Set Version released as a trigger and add an action to create a new version in the same project. You can specify the start and end dates for the release and the version name. To make them dynamic, use smart values.

Pro Tip: How to Organize Releases More Efficiently With Smart Checklist
The release management process in Jira can be optimized further with the help of various third-party tools. You can use Smart Checklist by TitanApps to better organize the delivery process.
This solution allows you to create reusable checklist templates that can be applied to work items automatically. This saves you significant time on planning and executing recurring tasks.
Let’s see how it looks in practice.
Example 1: A Release Readiness Checklist Template
Release work repeats. The same checks, handoffs, and “did we do this?” questions come up before every rollout. Smart Checklist helps you optimize this routine coordination. It allows you to document this recurring process as a clear step-by-step checklist. You can structure the list with headers, tag responsible people, and track the status of each preparation step in a single view.
Moreover, Smart Checklist enables you to save this (or any other) checklist as a reusable template – directly in Jira. As a result, you don’t have to start from scratch every time. It also offers built-in automation features, so the saved checklists can be added to Jira work items automatically based on your custom conditions.
Here is an example of such a template, the Release Readiness Checklist. This template is free and reusable. You can copy it, adjust it to your process, and keep using it as your standard release checklist in Jira.
# Pre-QA Steps @Dev
- Verify the Jira release/version is created and linked to relevant tickets
- Ensure release branches (back-end and front-end) are up to date
- Confirm release pull requests (PRs) are created and passing tests
- Add QA notes to tickets where necessary
# Preparation @QA
- List feature flags to be updated for regression and production
- Start a Slack/Teams release thread and link it to the Jira release ticket
- Prepare draft release notes/KB article if new features or UI/UX improvements are included
# Staging Release @Dev
- Merge changes into the staging branch and deploy to the staging environment
- Confirm the build is deployed successfully
- Notify QA via the release thread in Slack to start regression testing
# Regression Testing @QA
- Run regression tests based on defined test cases
- Log any release blockers in Jira and link them to the release ticket
- On success, notify the team and hand back to @Dev for production release
# Production Release @Dev
- Update version numbers and create a PR from staging -> production
- Merge to production and create a Git tag for the release
- Announce the release in the Slack/Teams thread
- Update environment variables (if needed)
# Marketplace Release @QA/@Dev
- Publish the new version on the Atlassian Marketplace
- Finalize and publish release notes and the Knowledge Base article
- Conduct quick smoke testing post-release
- Notify the team and support about the release, highlighting fixes and new features
# Post-Release Actions
- Back-merge production -> @Dev to keep branches in sync
- Mark release and related Jira tickets as “Released”
- Monitor key metrics and logs for the first 24–48 hours
- Celebrate 🙂
To start using this template, first install Smart Checklist for Jira from the Atlassian Marketplace. Then, paste the copied template into the Smart Checklist section of your work item.
After this, you will be able to save the checklist as a template and set up automation, if needed. For example, this can be a rule that applies this checklist template automatically based on work type or keywords in the work item summary.
For more details, please see our Checklist Automation Guide on Confluence.
Example 2: A Regression Testing Checklist Template
Another asset worth preparing in advance is a regression testing checklist. It covers the test cases your QA team needs to run before each release. The checklist can be extended with additional tests depending on the scope of a specific release.
To organize the process better, you can mark the most important steps as mandatory. With workflow automation, you can prevent the work item from transitioning to “Done” until every mandatory checklist step is checked off.
This way, incomplete testing can’t slip through unnoticed – the checklist acts as a quality gate before every release.
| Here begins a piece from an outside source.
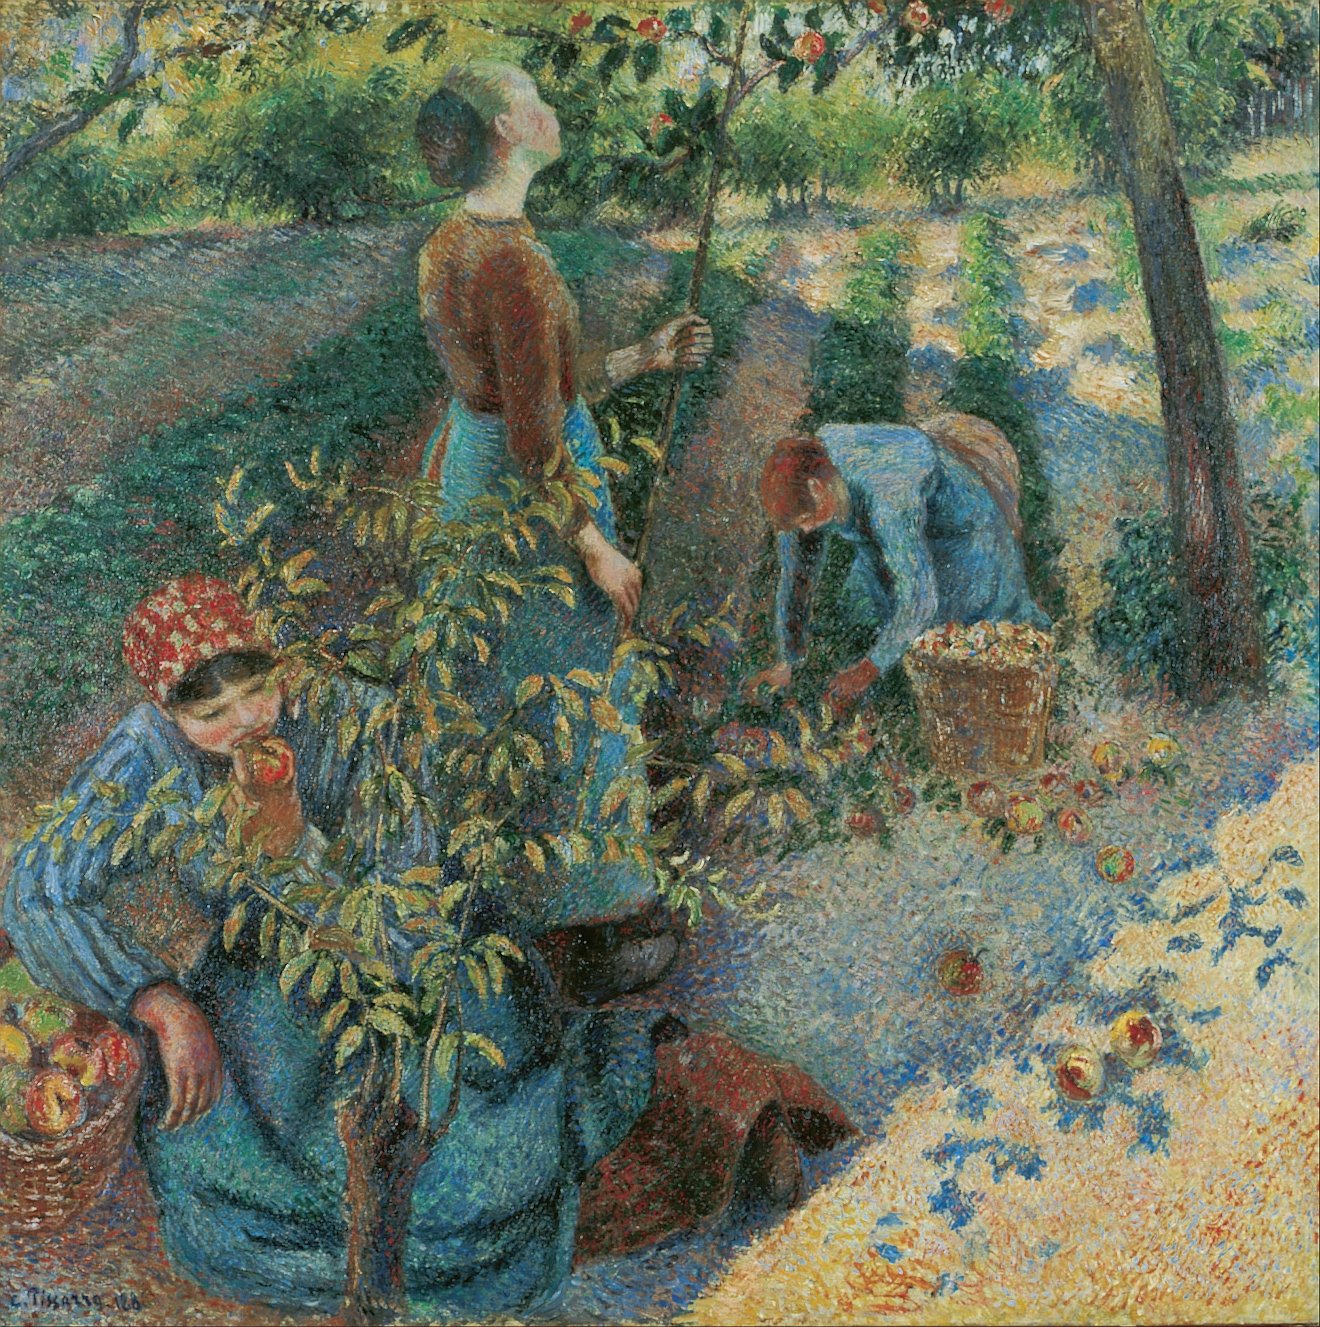 Camille+Pissarro-1830-1903 (224).jpg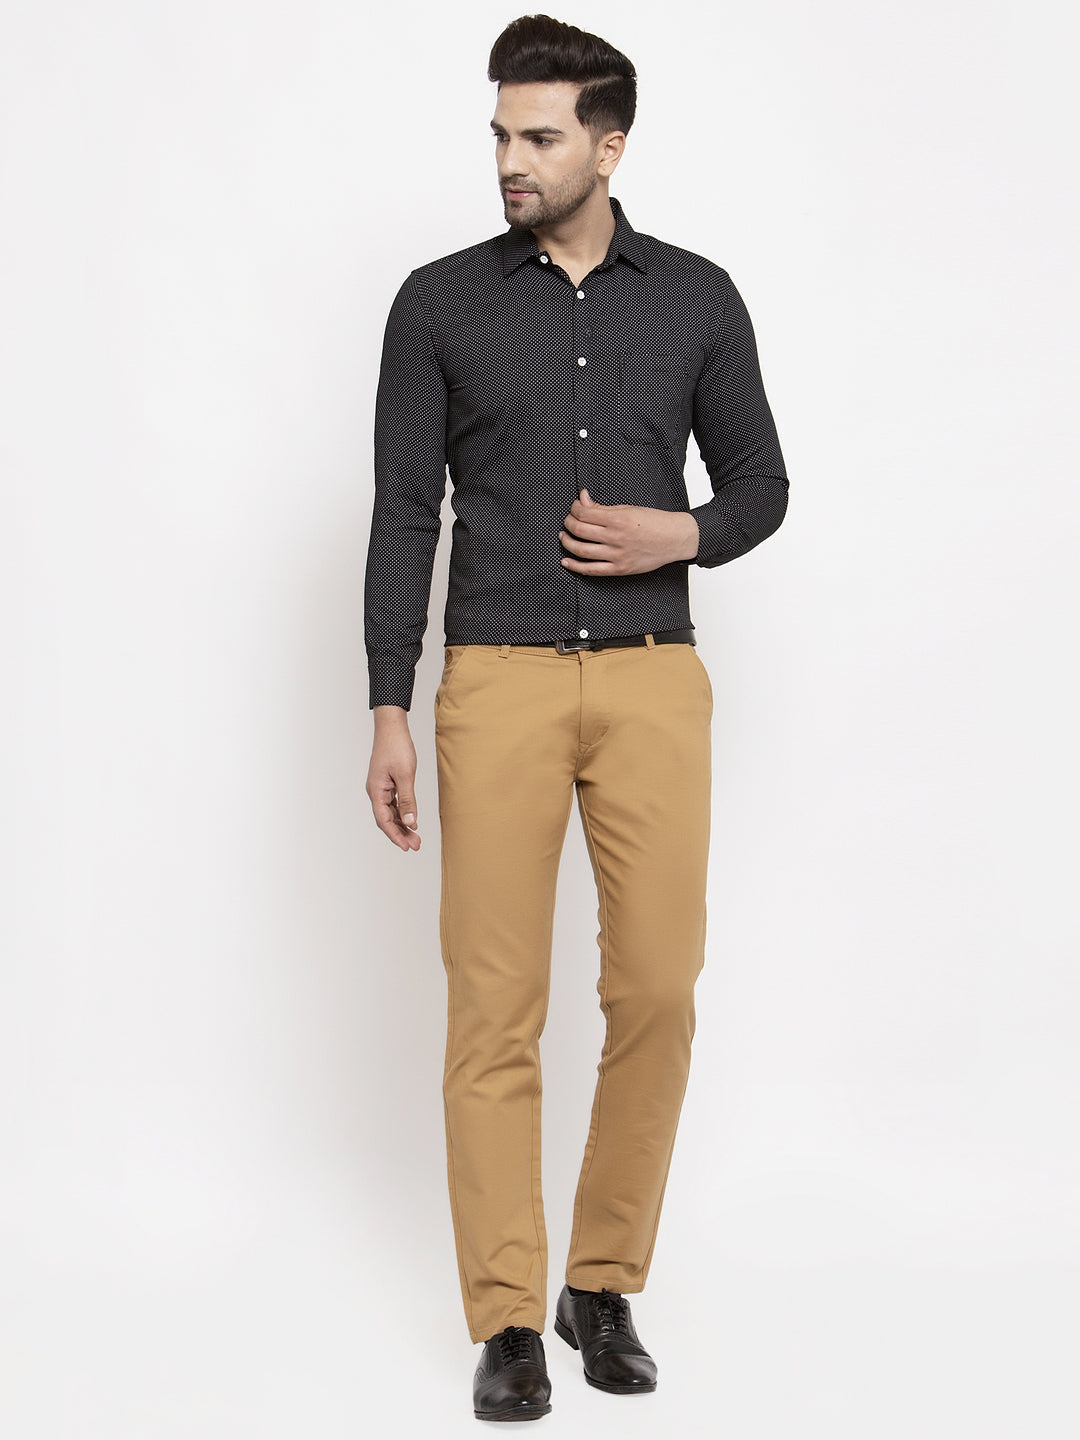 Men's Black Cotton Polka Dots Formal Shirts ( SF 736Black ) - Jainish

Example 3: A Deploy Checklist Template
The final checklist in this set focuses on the deployment stage. It provides your team with a step-by-step guide for each rollout.
Additionally, this checklist uses the Linked Templates format. This means it stays connected to every work item that includes this deploy checklist. Any update to the template is automatically applied to all linked work items. Developers can only change the status of individual checklist items, but they cannot modify the linked template itself. This keeps the deployment process consistent across all releases.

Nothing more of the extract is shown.